Thank goodness for lonely bags of fruit on the shelves. If those last couple of packets of cranberries hadn’t been sitting there all alone, I may never have made the following cranberry sauce recipe…
Is it just me or do you ever feel sorry for food?
Tins, packets and fresh food of all descriptions perch on shelves or lay tumbled in large baskets, waiting for us to choose them. They proudly display their carefully designed labels or shiny buffed skins, hoping that we’ll pop them into our baskets.
Sometimes I wonder whether, in the darkness of night when there’s nobody around, the fruit or tins jostle around, nudging their competitors out-of-the-way enabling the most attractive to take prime place on the display when the lights are switched on in the morning, ensuring that we will clasp our hand around that particular net of oranges or that particular shiny tin of baked beans. Sometimes the bruised veg appear on the top of the pile and we cast them to one side, choosing the best of the bunch for our supper.
After a while and particularly if the shop assistants haven’t had time to restock, all the lovely food is taken, leaving the unloved or forlorn items abandoned and waiting to make their way to the discount counter or even worse, the giant trash bins outside.

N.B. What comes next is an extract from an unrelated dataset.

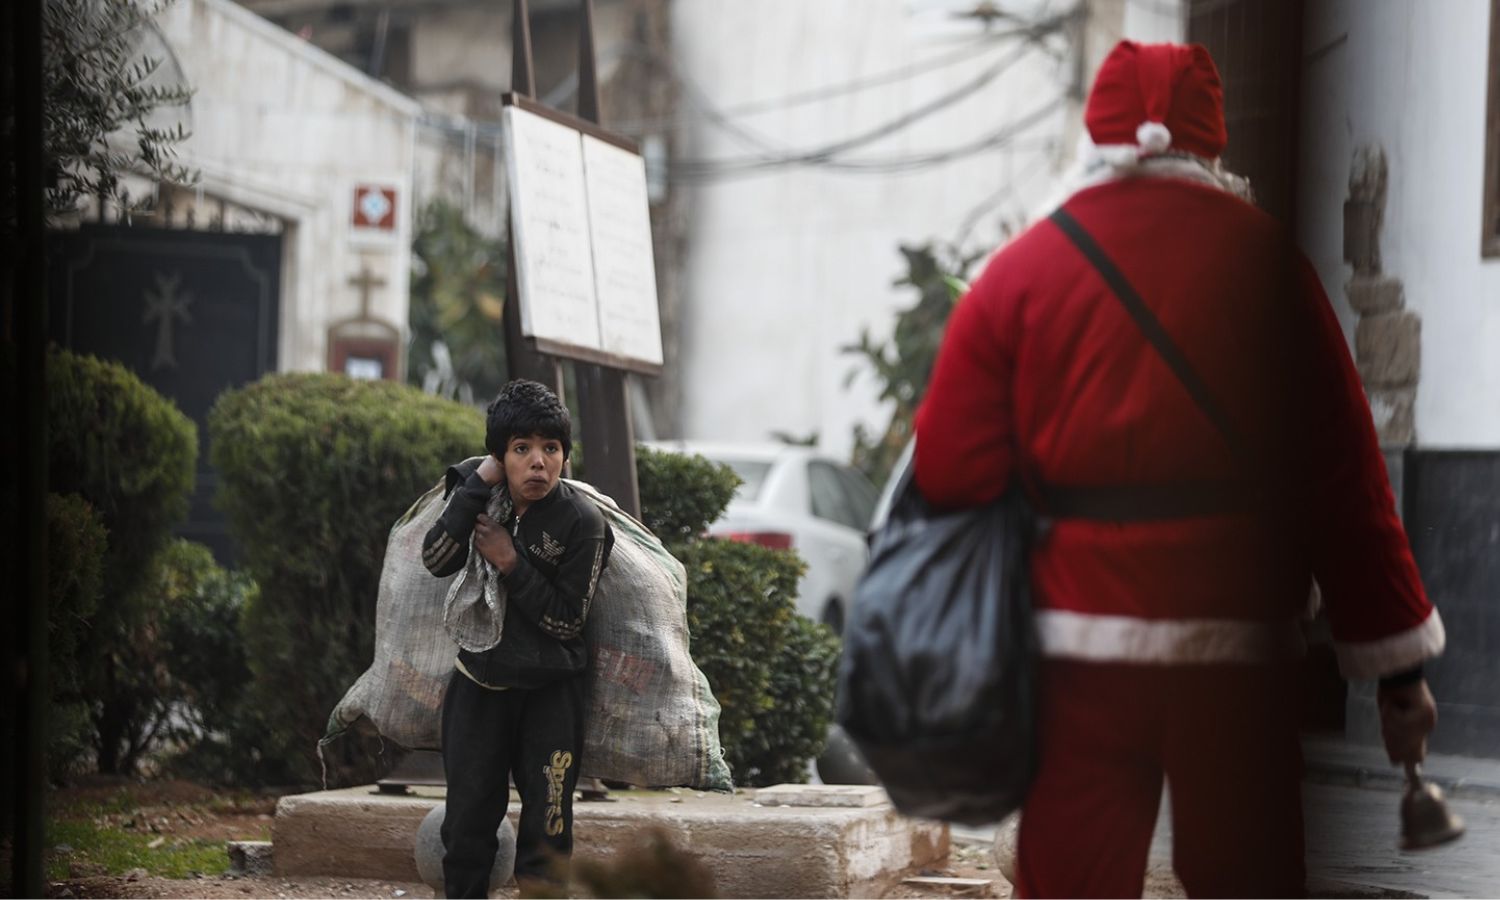 Face to face “Santa Claus” carrying a bag of gifts and a child carrying a bag to collect recyclable waste in the Bab Sharqi neighborhood in the Old City of Damascus - 11 December 2022 (Instagram/Omar Sanadiki)
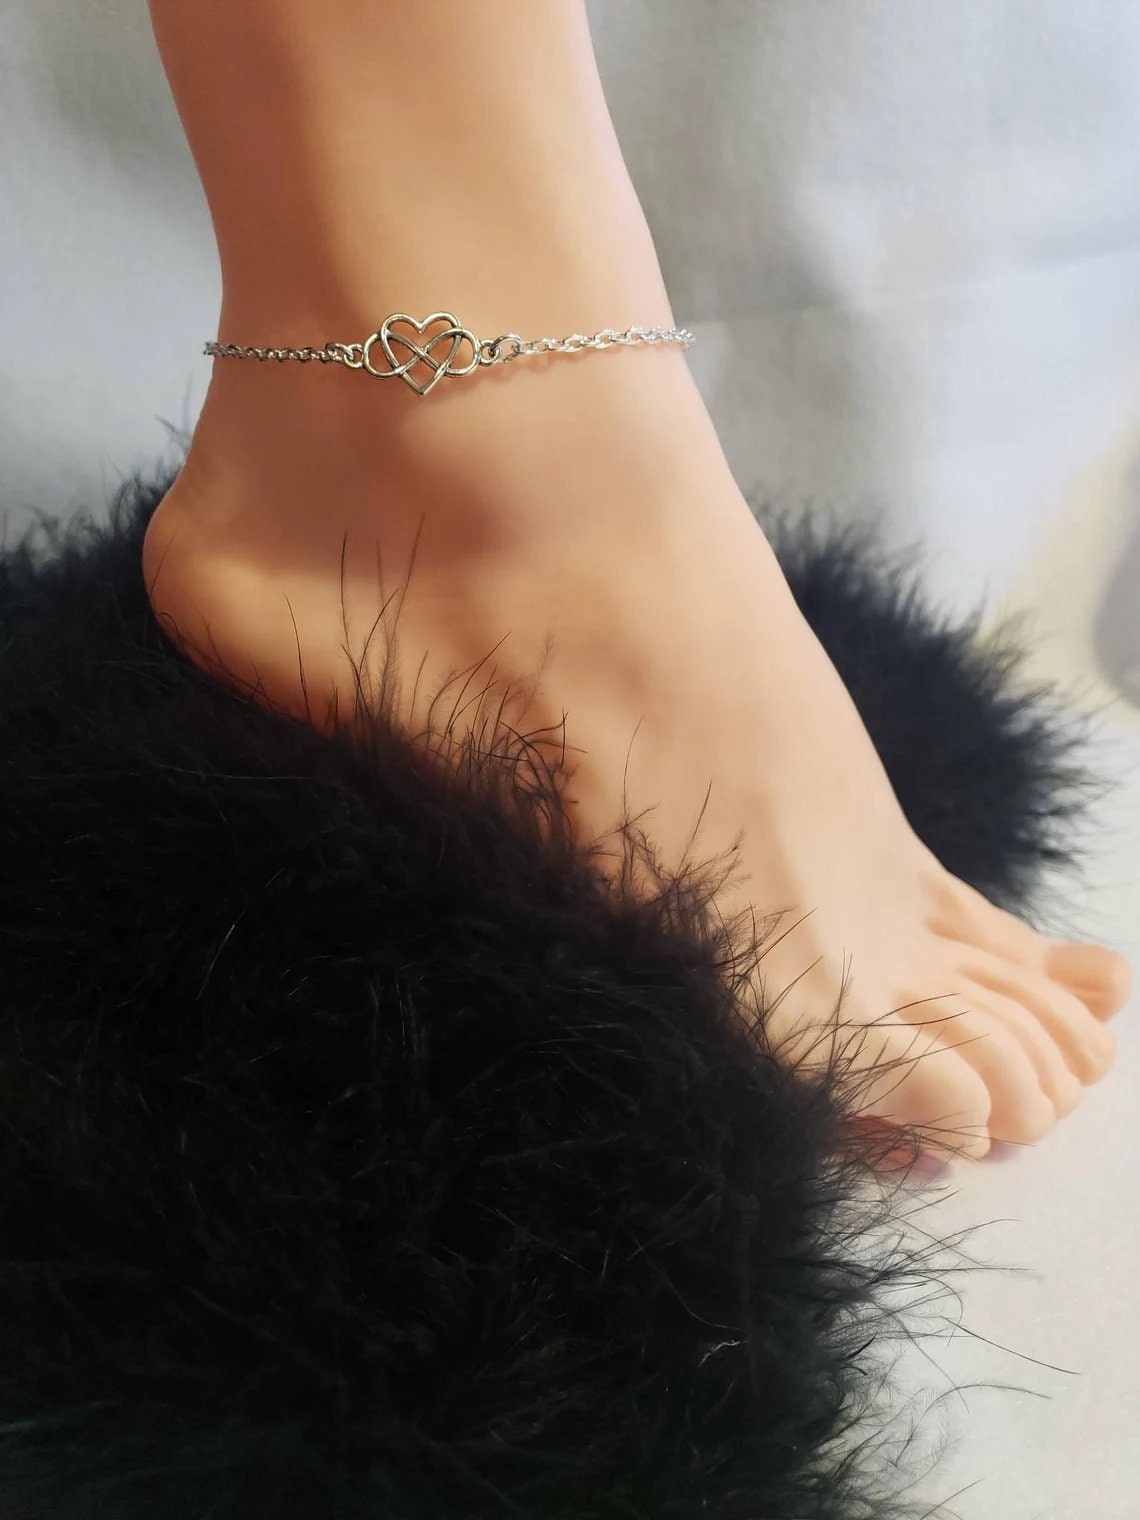 Hotwife Anklet Jewelry To Enjoy The Advance Beauty by Vixen and Stage -  Issuu

Appearances can be deceptive of course. What we see on the outside isn’t always representative of what’s within….
Which is precisely what I discovered this week when I found a bag of cranberries sneaking their way into my basket. And yes, no doubt there are dozens of reasons why I shouldn’t be buying berries in bags but hey, we gotta live a bit too, right…
My bag of slightly overripe and bruised cranberries was the last of three in the display. I checked the label, this particular bag had travelled all the way from the USA before it arrived in my regular little shop in Bagenalstown. All the effort of growing the berries – picking them, packing them, shipping them across high seas then unloading and driving all of those hundreds of miles, before opening the boxes and displaying them … it didn’t seem right that they’d end up in the refuse….
So I bought them. I felt sorry for them – is there any hope 😉
Cranberry sauce shouldn’t just be for Christmas. It’s delicious served with chicken, roast beef and pork chops, in sandwiches with cheddar cheese or spread thickly onto buttered and freshly sliced bread with blue cheese and turkey. With that in mind, here’s a quick cranberry sauce recipe to which port and clementines have been added.
Do you take the last items of the shelf or would you move onto something more highly stocked?
Lol Dee I did exactly the same thing, we love cranberry sauce too, especially with brie and its lovely added to a salad dressing with a bit of chilli jam too. Love the addition of clementines, normally just use orange juice.
Glad to hear I’m not alone Annie! My children think I’ve lost my marbles
Looks tempting but alas not a lover of ‘craneberries’ ~ yup this is how it was spelt! Early European settlers to the Americas felt the flowers sexual parts resembled that of a Crane 😉
Well we learn something new every day Ena! Funnily enough I was wondering if the recipe would translate to other berries – red currents for instance, can’t see why not.